# look out italy - old farts en route



## smifee (May 17, 2005)

leaving uk via the tunnel early hours 21/9/05 returning may 2006. £122 return :lol: wife wants to stay home to work and pay the bills :roll: so travelling with a mate, john, who also has a hymer.

kipping at the waiting area/lorry park on arrival. into belgium for cheaper diesel and a visit to campirama. onto luxembourg for even cheaper diesel.

then either down the eastern side of france to barcelonette and cuneo or, if hymer uk haven't got spares, ordered weeks ago, into germany and the hymer factory , through austria (not using gobox roads) into italy.
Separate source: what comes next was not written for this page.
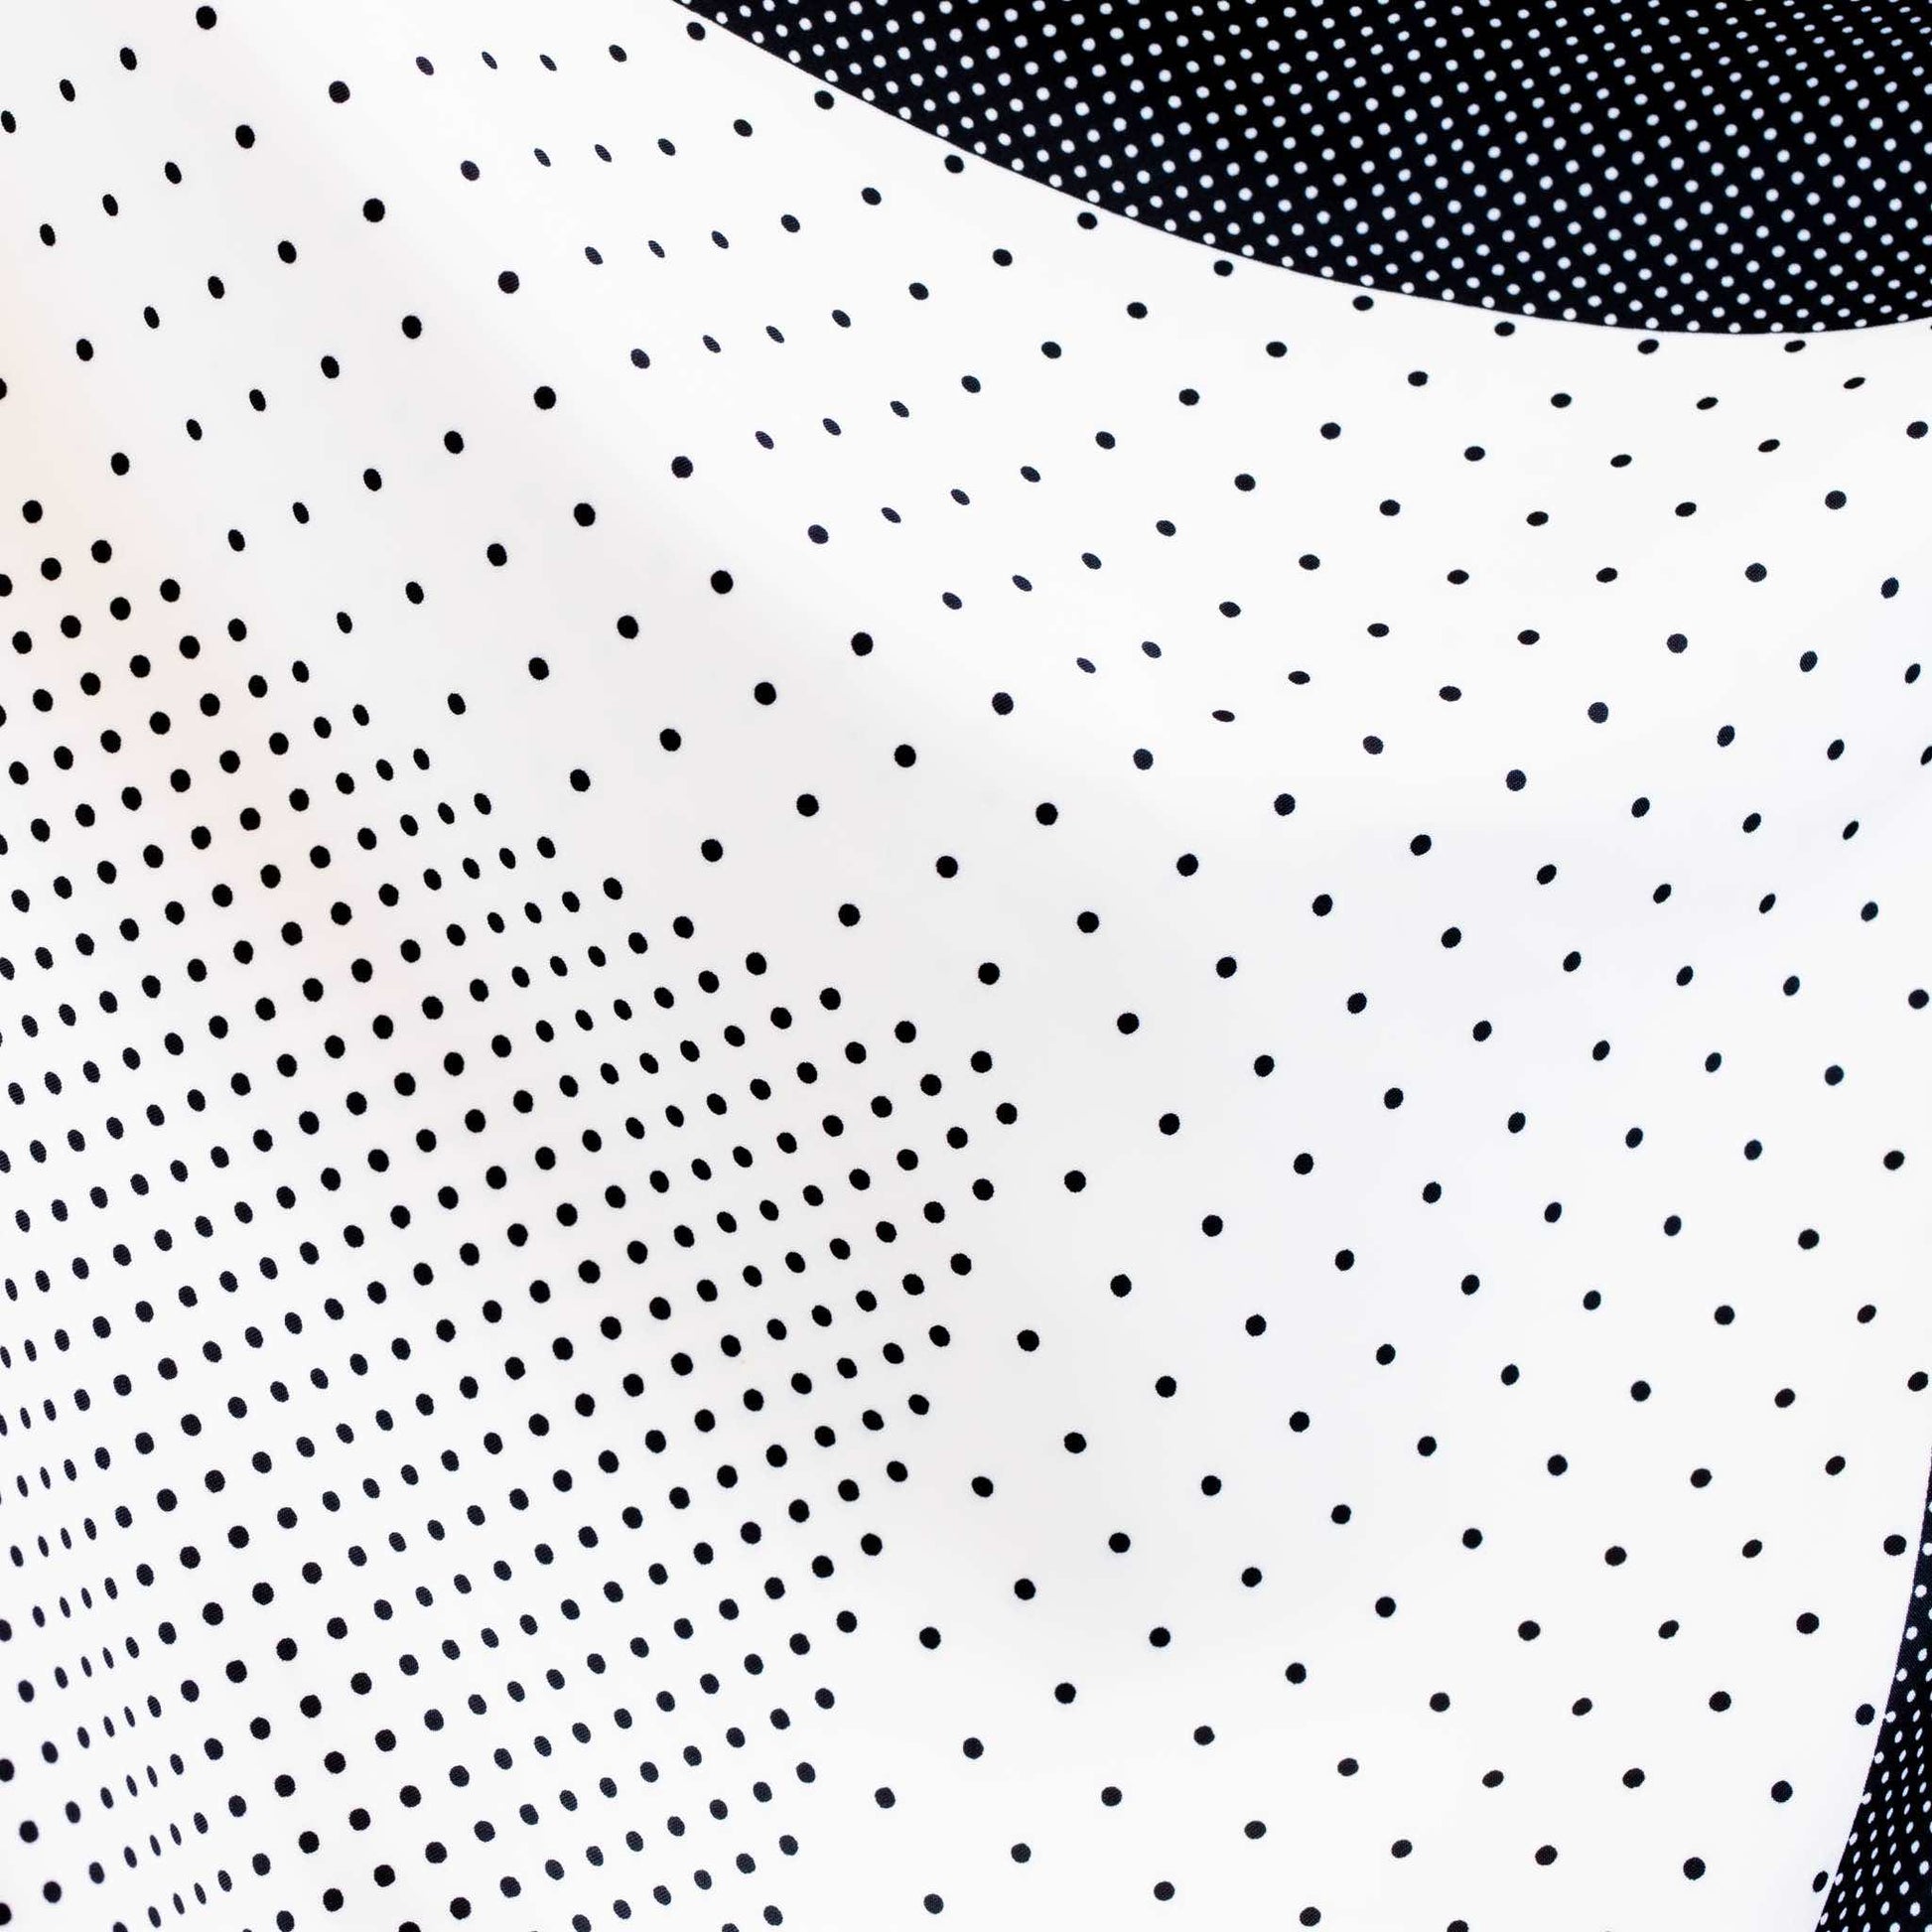 Eșarfă damă din satin, imprimeu cu secțiuni geometrice și buline mici, 55 x 55 cm - Alb, Negru

after having a bottle or 2 of asti in asti we are going down the adriatic coast and then hope to spend a couple of months way down south. as it gets warmer will come up the med coast.

hope to use sites only once a fortnight to do the laundry.


----------



## 88781 (May 9, 2005)

Have a safe journey Smifee, tell us all about when you return  

Regards M&D


----------



## RobMD (May 9, 2005)

That sounds a really good trip Smifee (hope you get you parts OK), Take care !!!


----------



## peejay (May 10, 2005)

securo viaggio vecchio 'fart',

Have a great adventure, we're not jealous, not one bit :roll: 

Ciaio tutti,

pete.


----------



## bigfoot (May 16, 2005)

Tour of Europe with no wife, just a mate-WHAT A GAS!!!!


----------



## zulurita (May 9, 2005)

Have a wonderful time smifee............just a wee bit jealous :wink: but can't really complain as we are off on Saturday via the Tunnel to France, Spain Portugal and who knows where. We come back December  coming back in May would be better :wink: but then we are off in April 06 until July 06    

Take Care


----------



## smifee (May 17, 2005)

hi all

thanks for the good wishes. have found out today that angie has to have an operation on her smashed heel - i think they are going to play jigsaw with the pieces. date of op is " a couple of months time ".

still going on the 21st but will come back early just before she has the op. 

well i can't leave her on her own with 6 weeks in plaster & another 6 with a support boot can i? this is a rhetorical question.

mike


----------